Rated: M - English - Romance/Angst - Hinamori M. & Shuuhei H. - Reviews: 175 - Updated: 04-18-09 - Published: 04-09-08 - id:4186331

Eheh. So you guys remember when I said I’d be back by December? Yeeeeeeeeeeeah...sorry! I didn’t mean to leave it so long, really!

My excuse is that real life is a bitch and also that I have no excuse. But I am hoping to get into regular updates again now! I definitely won’t leave it this long to update again, promise!

Anyway! After too many months to count, I give you chapter ten!

xXx

Orihime had been in the middle of chiding Ishida for some remark about Ichigo when her daughter fled the area. She cut herself off immediately, pushing her chair back and standing, about to go after the girl.

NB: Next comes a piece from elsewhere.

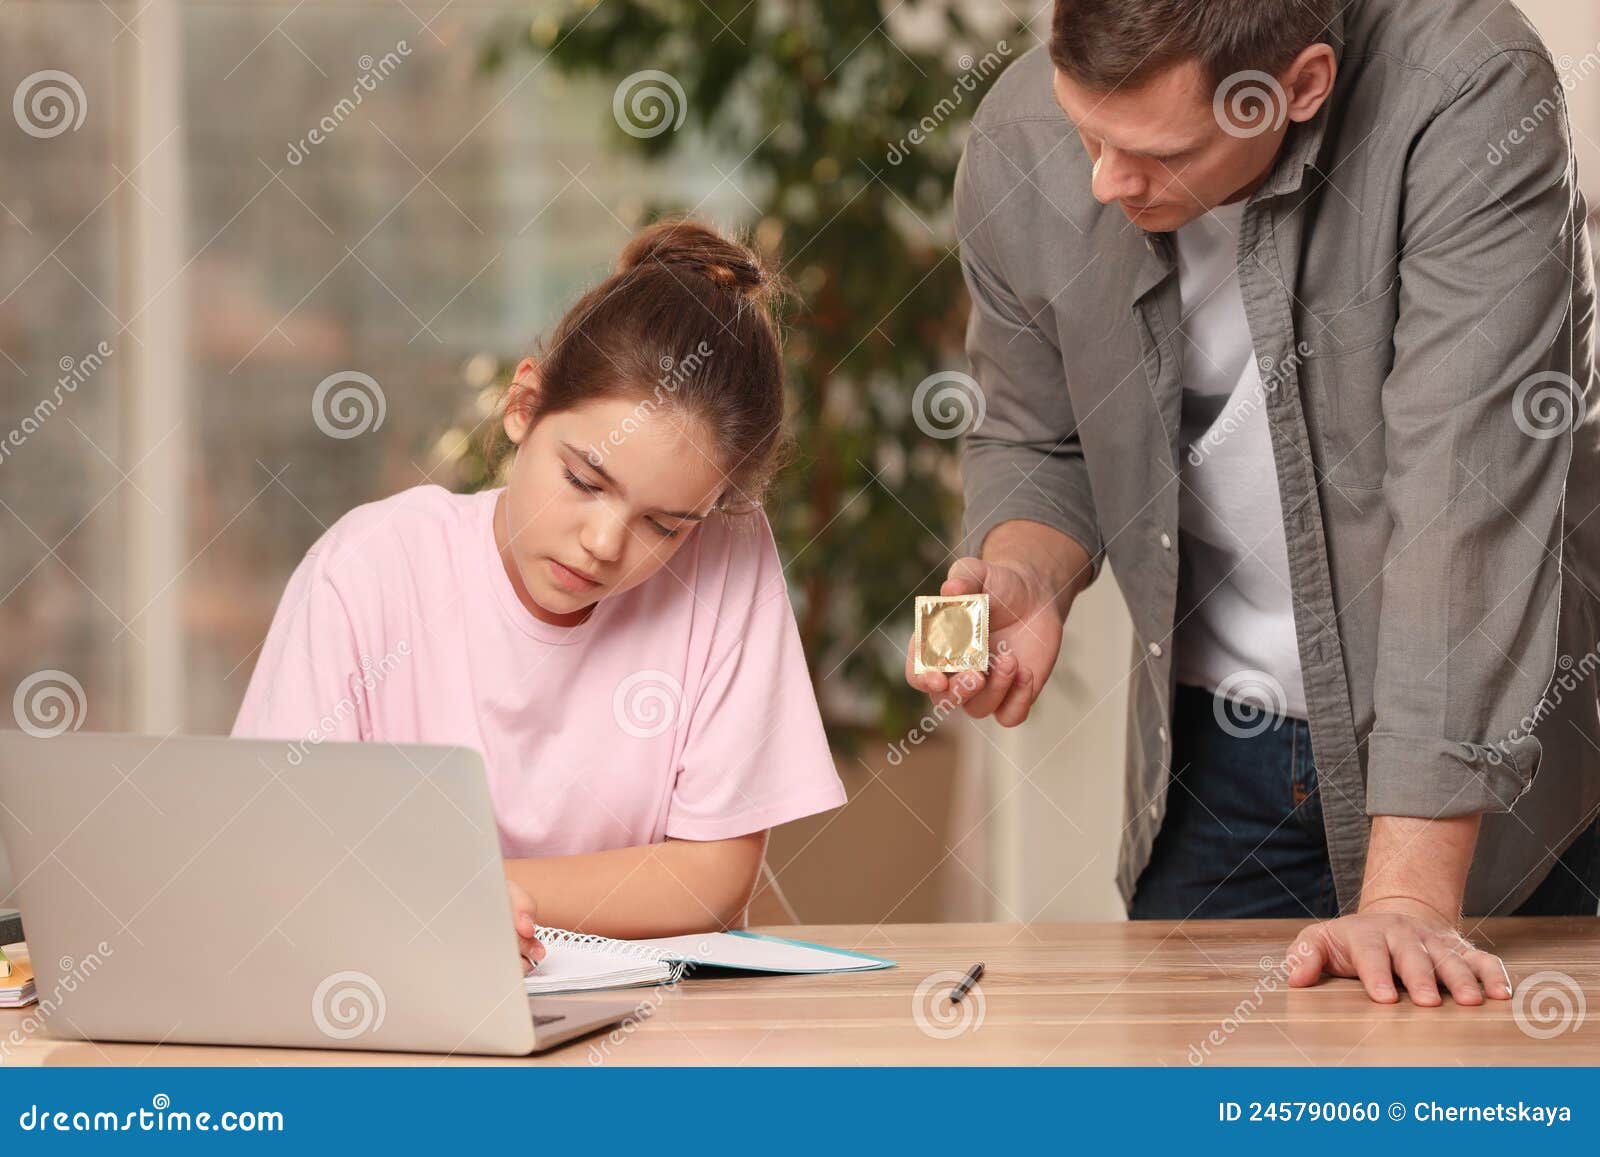 Father Talking with His Teenage Daughter about Contraception while she Using Laptop at Home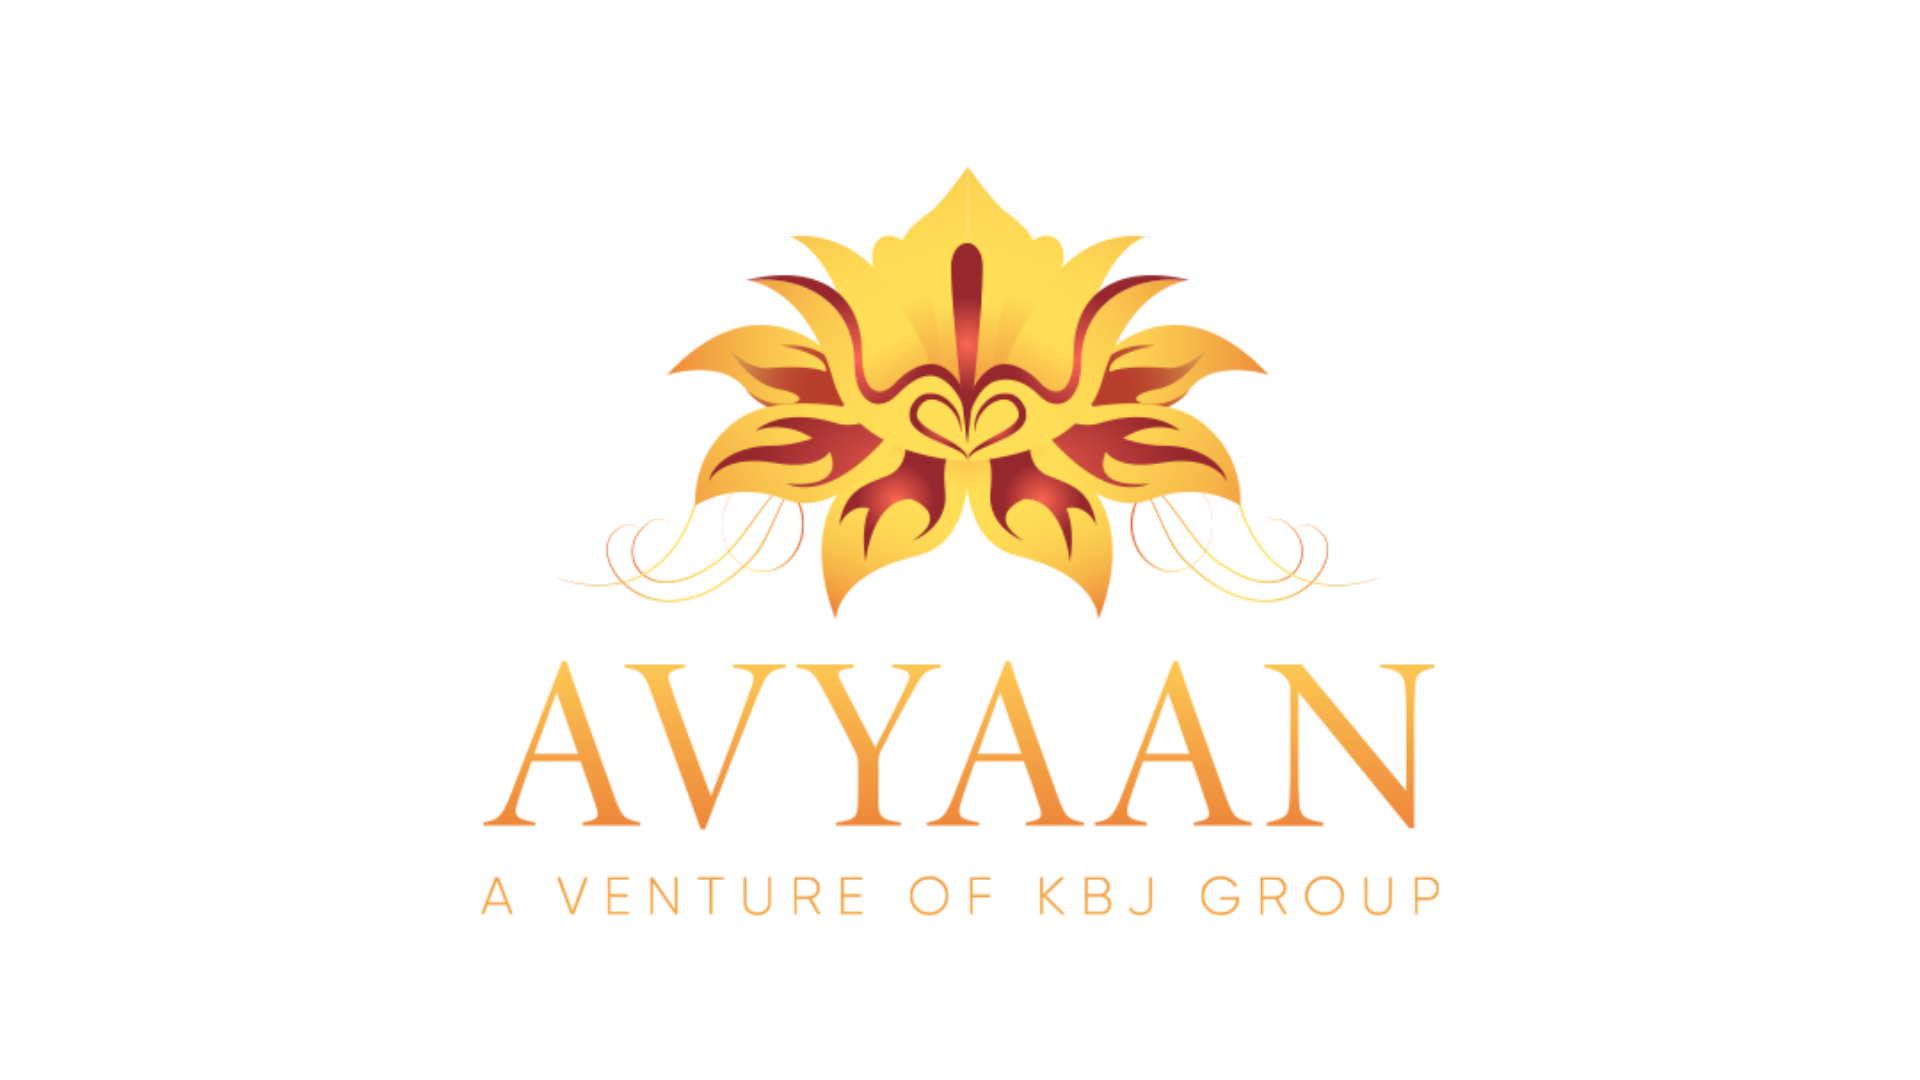 KBJ Group ventures into manufacturing and export of precious and alternative jewellery, launches Avyaan Bullion and Jewellery

Momo bit her lip, watching the door Ryuu had run through slam shut behind her as Ishida placed a hand on his wife’s shoulder. She wanted to follow, but it wasn’t her place. She barely even knew the girl. She wasn’t even that close to Orihime, really.

“Don’t,” Ishida said softly.

“But—” The expression on Orihime’s face was imploring. The feeling in Momo’s chest that this wasn’t just child’s tantrum intensified.

“You can’t run after her every time she does this, Orihime.” Ishida’s voice was gentle and regretful, and Momo was struck once again at just how he had matured since the War. “Otherwise she’ll never get over it.”

“She always does that,” Sora huffed, crossing his arms over his chest. The butterfly had escaped in his surprise at Ryuu’s reaction. “Every time Kioshi’s over here. She’s so stupid sometimes.” Behind the annoyed look on his face was a faintly worried glint. “...did I make her leave like that?” he asked his mother, bewildered.

Orihime shook head, giving her son a bright smile, the worry for her daughter carefully hidden. “She’s just grumpy,” she told him lightly. “You know how she gets sometimes.”

Sora grinned in response. “Yeah, I know.” His arms fell to his sides, and it was only then that he seemed to notice the absence of his butterfly. The look of horror on his face was almost comical. “K-Kioshi! The butterfly escaped!” he cried, letting go of the matter of his sister as easily as he had the butterfly.

Momo watched as Orihime’s smile dimmed, wishing she could do something. This was something that Momo was pretty sure she couldn’t blame herself for, but that didn’t mean she didn’t want to help her friend.

“Ryuu’s still jealous of Kioshi, huh?” Tatsuki broke the silence among the adults as the sounds of Kioshi entertaining Sora again interrupted the quiet of the yard.

“I don’t think jealous is the right word for it,” Ishida sighed. “It’s gone deeper than that in the past few months.” He glanced at Orihime. “I think we should take her to see someone.”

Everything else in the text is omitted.